Cellular senescence in yeast is regulated by rDNA noncoding transcription.

Curr Biol

Division of Cytogenetics, National Institute of Genetics, The Graduate University for Advanced Studies, Sokendai, 1111 Yata, Mishima, Shizuoka 411-8540, Japan.

Published: September 2013

Genomic instability is a conserved factor in lifespan reduction, although the molecular mechanism is not known. Studies in the yeast Saccharomyces cerevisiae over the past 20 years have found a connection between the ribosomal RNA gene cluster (rDNA) and lifespan. The highly repetitive rDNA exhibits genomic instability, and the antiaging histone deacetylase gene SIR2 regulates this instability.

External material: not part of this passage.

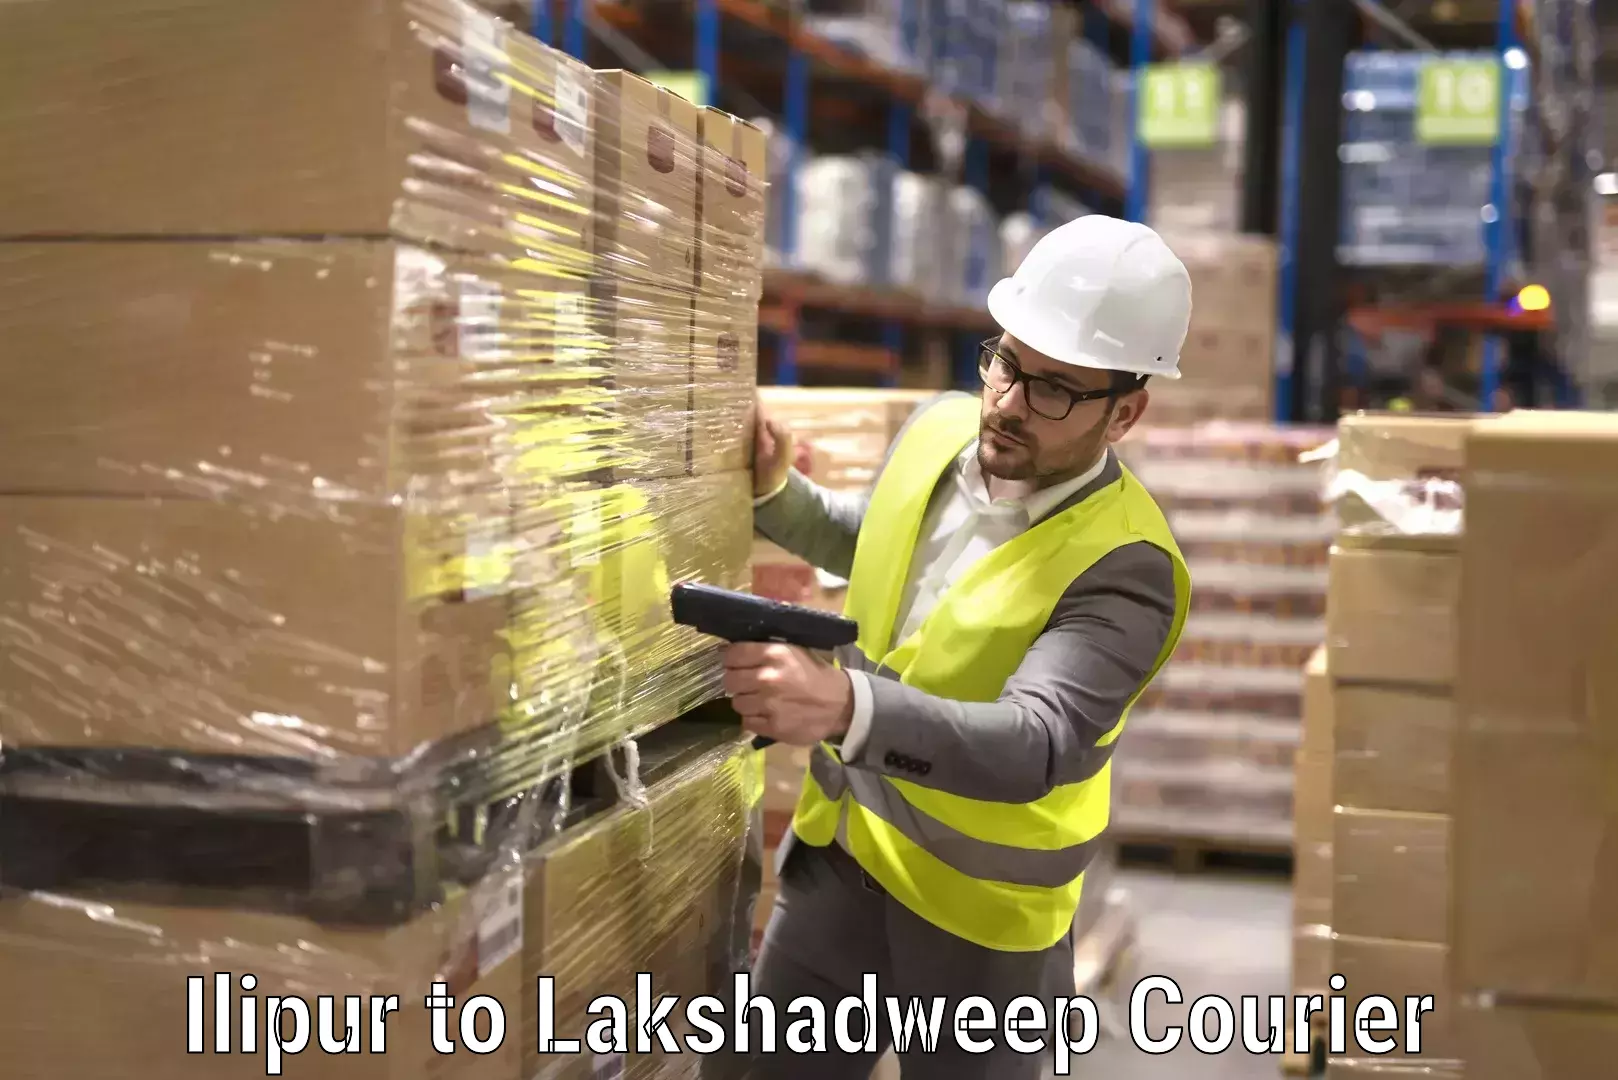 Professional moving company Ilipur to Lakshadweep

We previously proposed that SIR2 governs lifespan by repressing rDNA noncoding transcription and rDNA instability, but the extent to which lifespan is affected by SIR2 acting at the rDNA versus other genomic regions, and the relationship between rDNA noncoding transcription/rDNA stability and lifespan have remained controversial. To control rDNA noncoding transcription and rDNA instability, we use a strain in which the rDNA noncoding promoter is replaced with an inducible promoter. Here, we show that repression of noncoding transcription extends lifespan and makes SIR2 dispensable for lifespan extension. These results indicate that Sir2 maintains lifespan through repression of E-pro noncoding transcription in the rDNA cluster, rather than pleiotropically at other loci. The observation of rDNA instability in other organisms, including humans, suggests that this may be a conserved aging pathway.